An exact copy of the records below is required, and it must contain no pictures.

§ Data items

Content starts

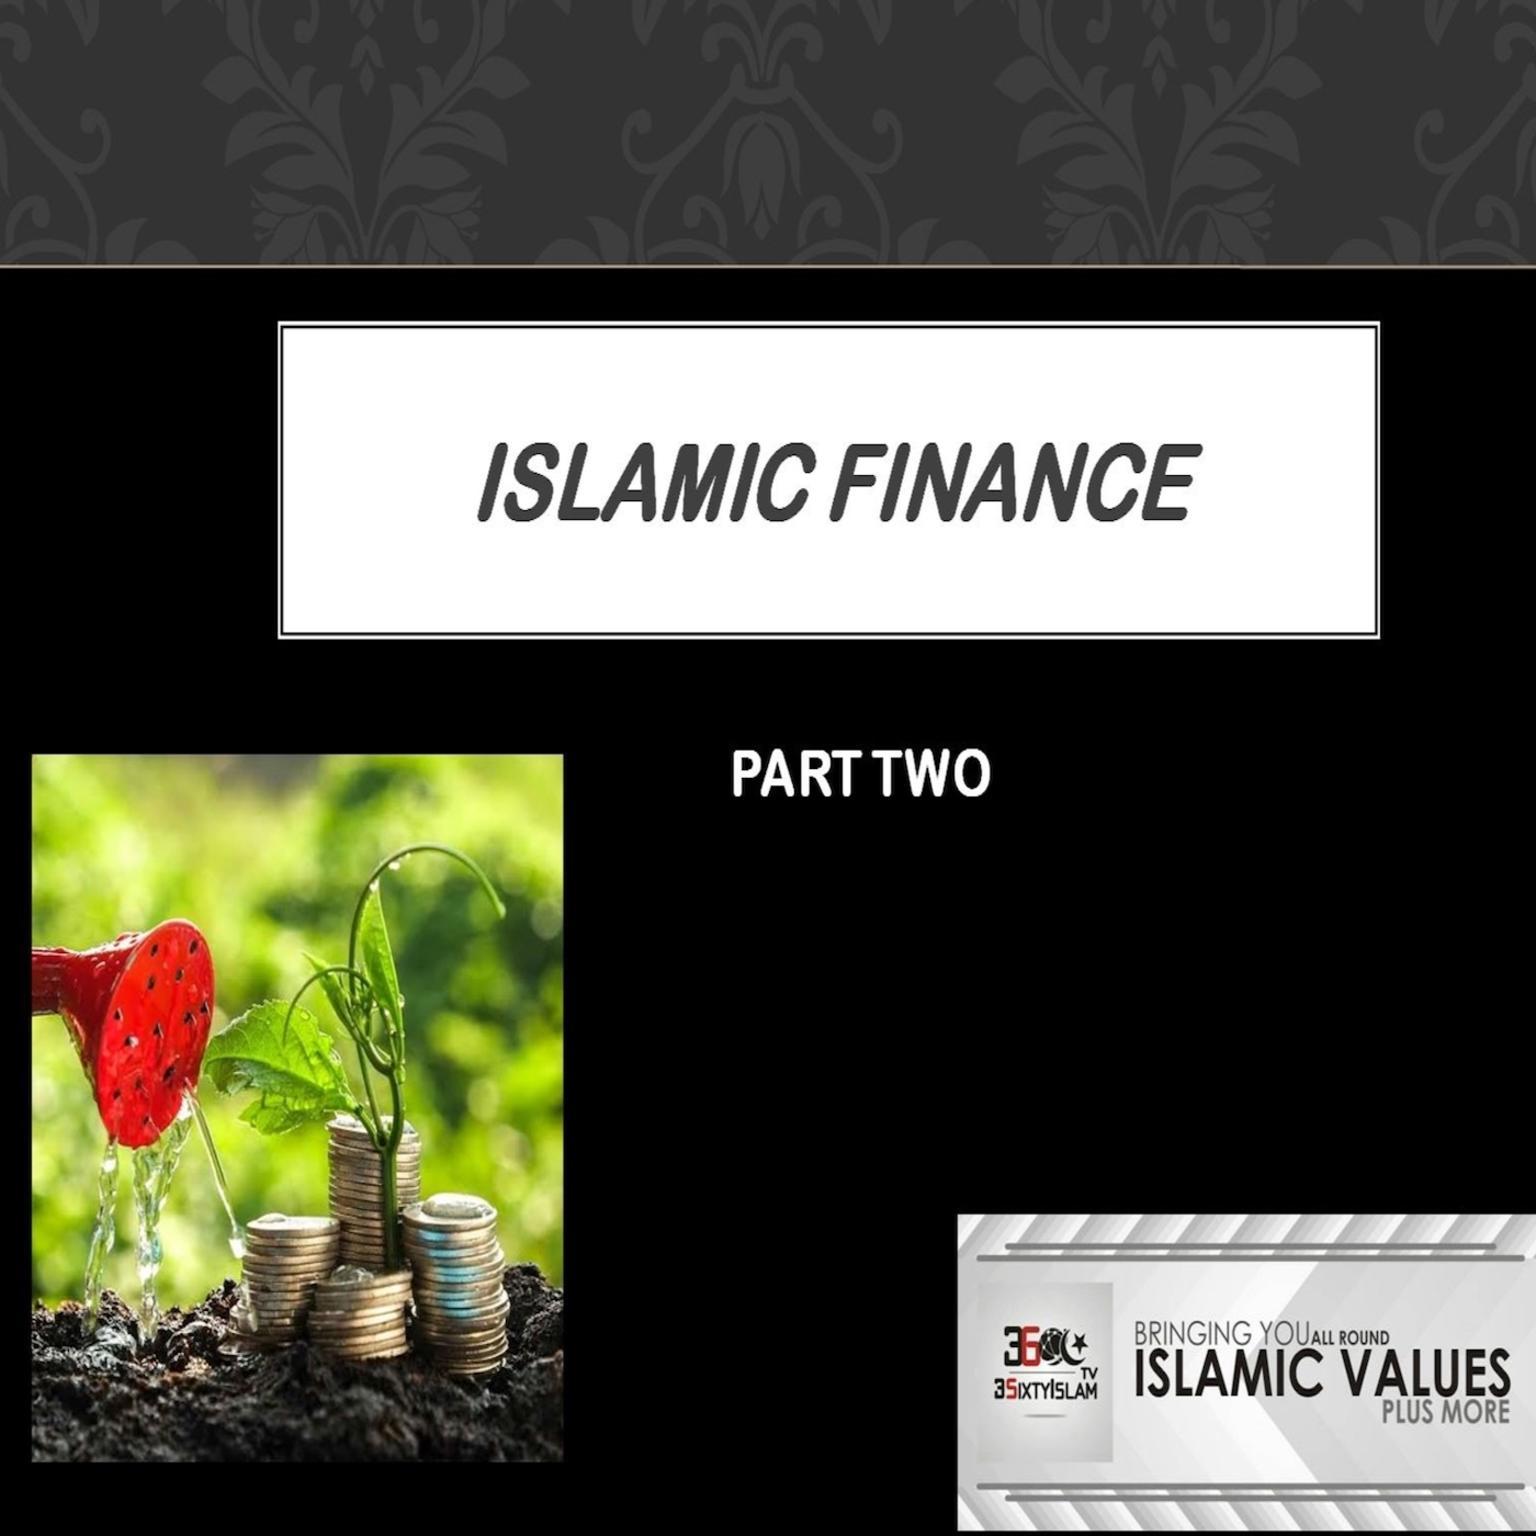 3SixtyIslam - Islamic Finance 2
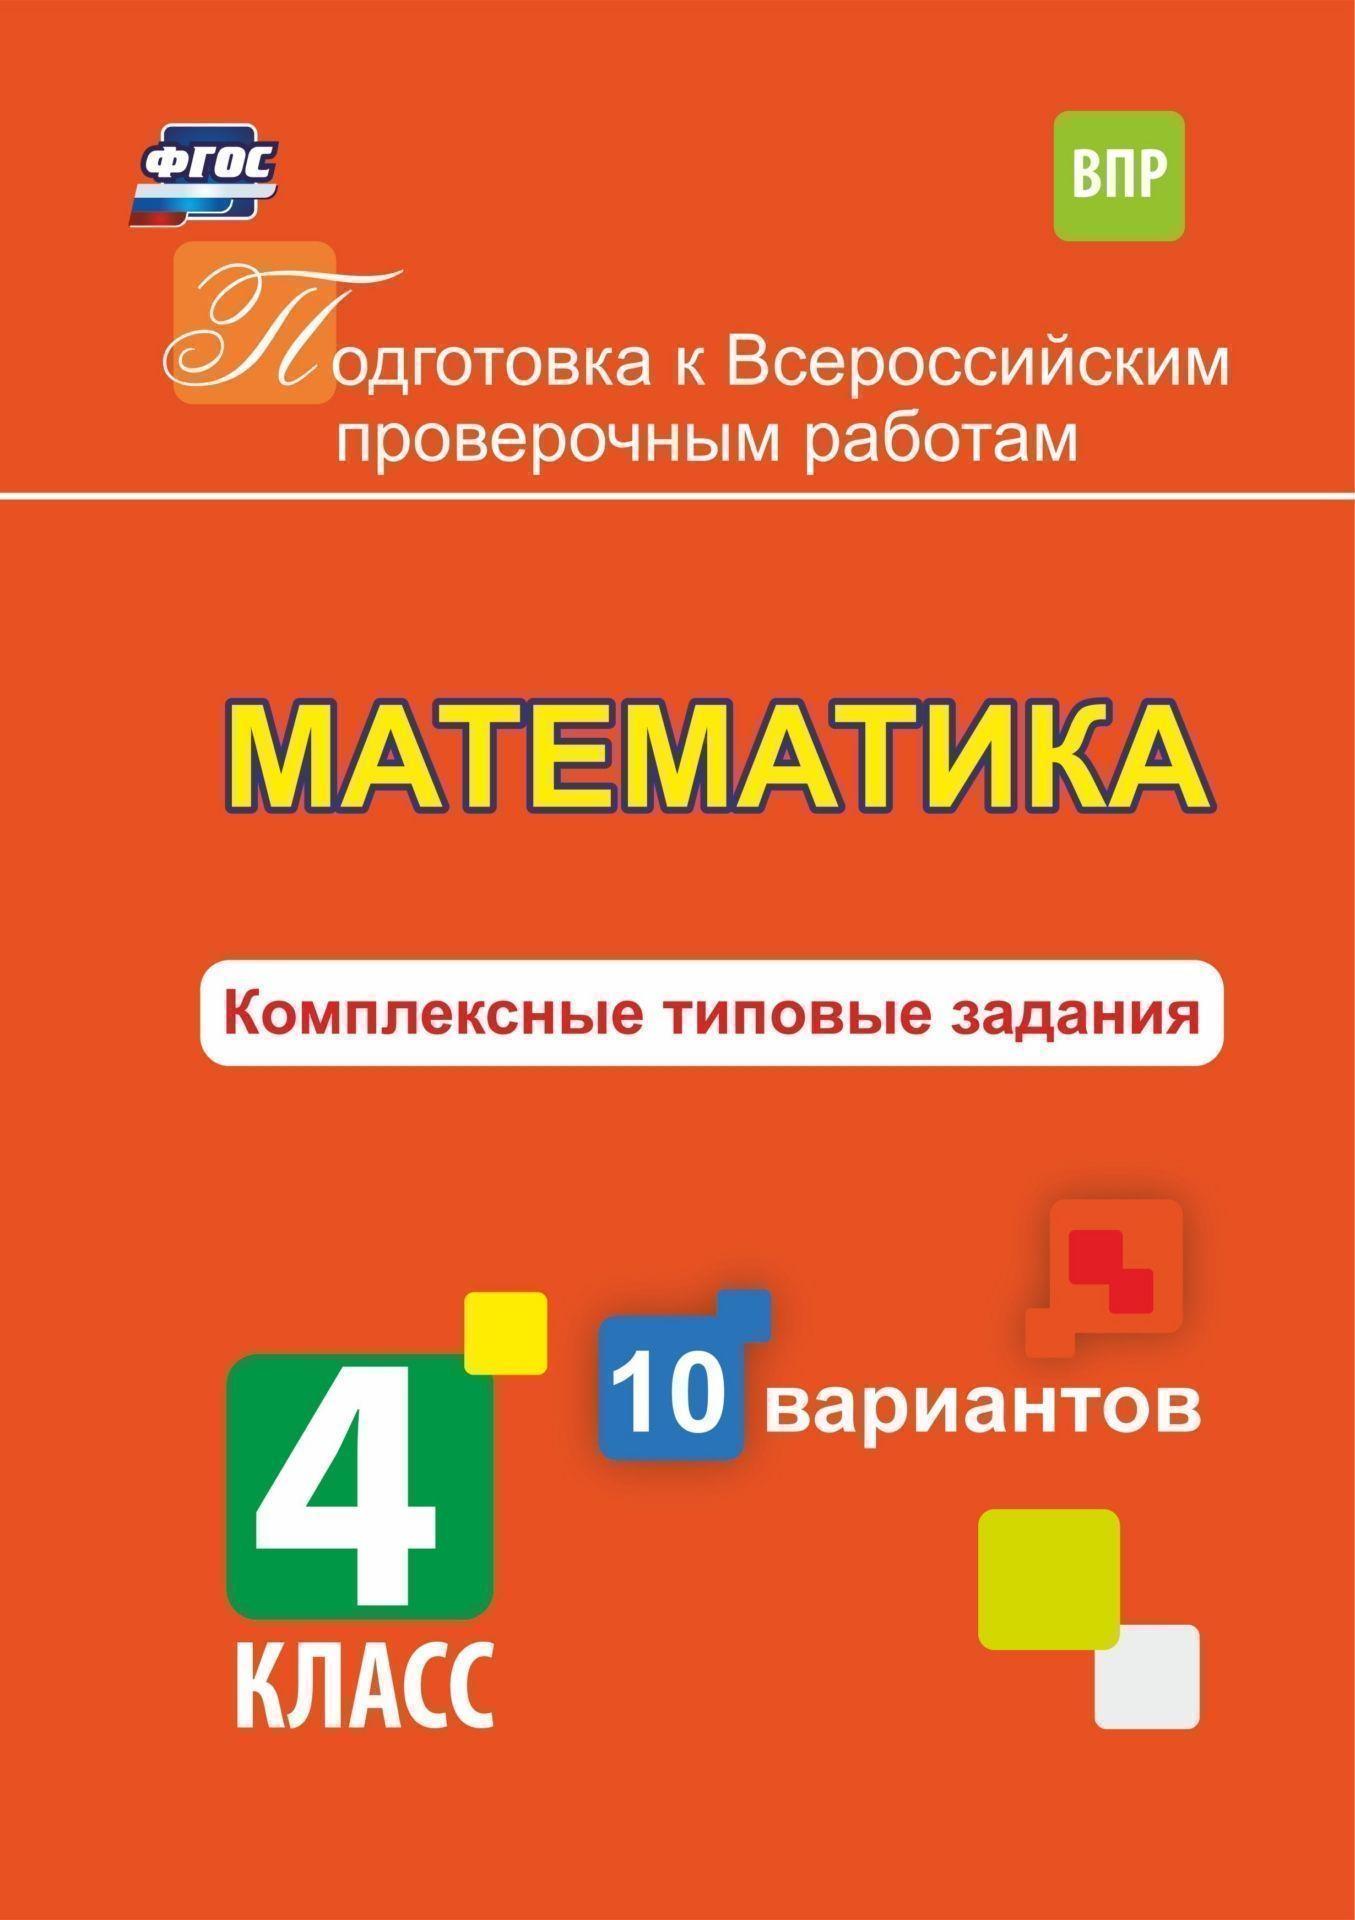 Математика. Комплексные типовые задания. 10 вариантов. 4 класс
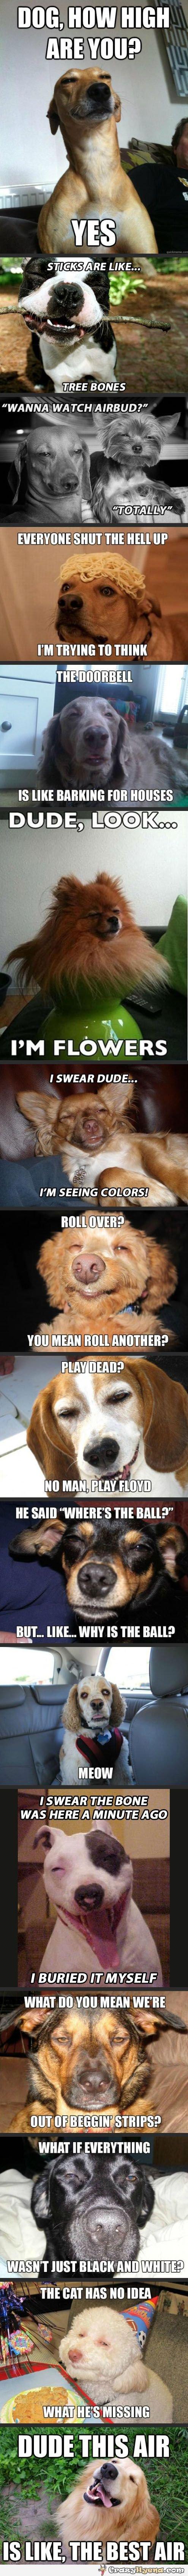 stonerhunde
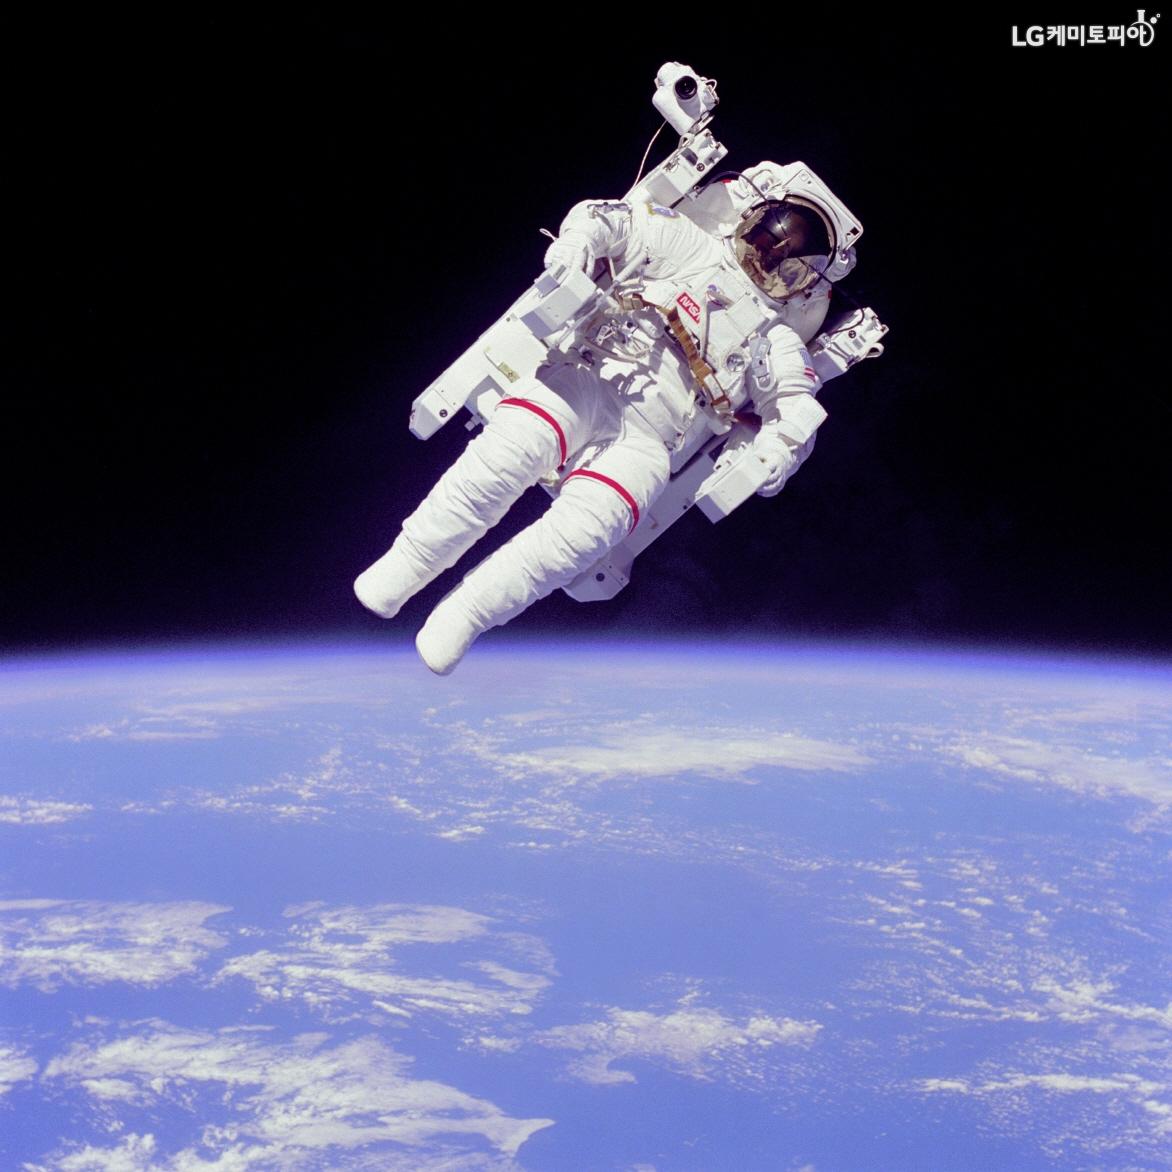 우주에 체류중인 우주비행사
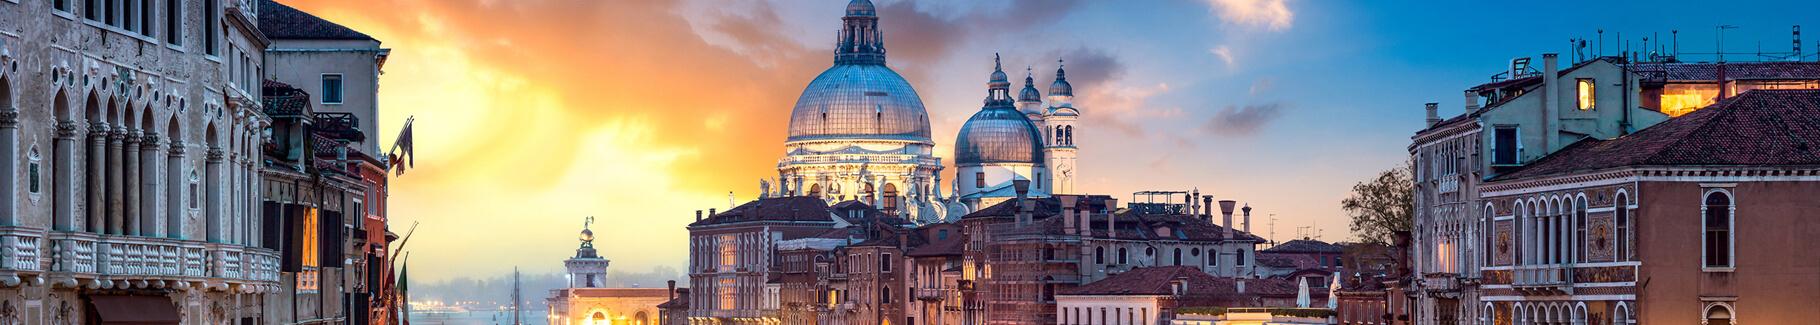 Plakat Wenecja o zachodzie słońca
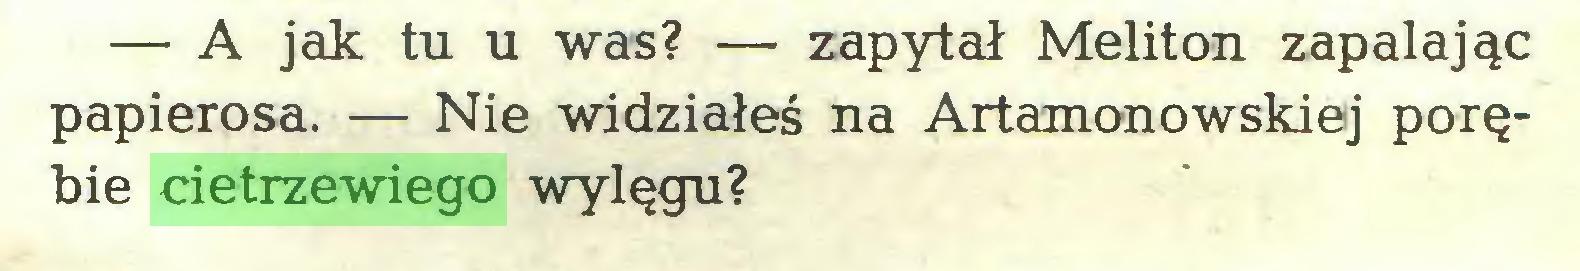 (...) — A jak tu u was? — zapytał Meliton zapalając papierosa. — Nie widziałeś na Artamonowskiej porębie cietrzewiego wylęgu?...

Content ends

§ RESPONSE TO THIS EXERCISE
 3SixtyIslam - Islamic Finance 2
 Математика. Комплексные типовые задания. 10 вариантов. 4 класс
 stonerhunde
 우주에 체류중인 우주비행사
 Plakat Wenecja o zachodzie słońca
 (...) — A jak tu u was? — zapytał Meliton zapalając papierosa. — Nie widziałeś na Artamonowskiej porębie cietrzewiego wylęgu?...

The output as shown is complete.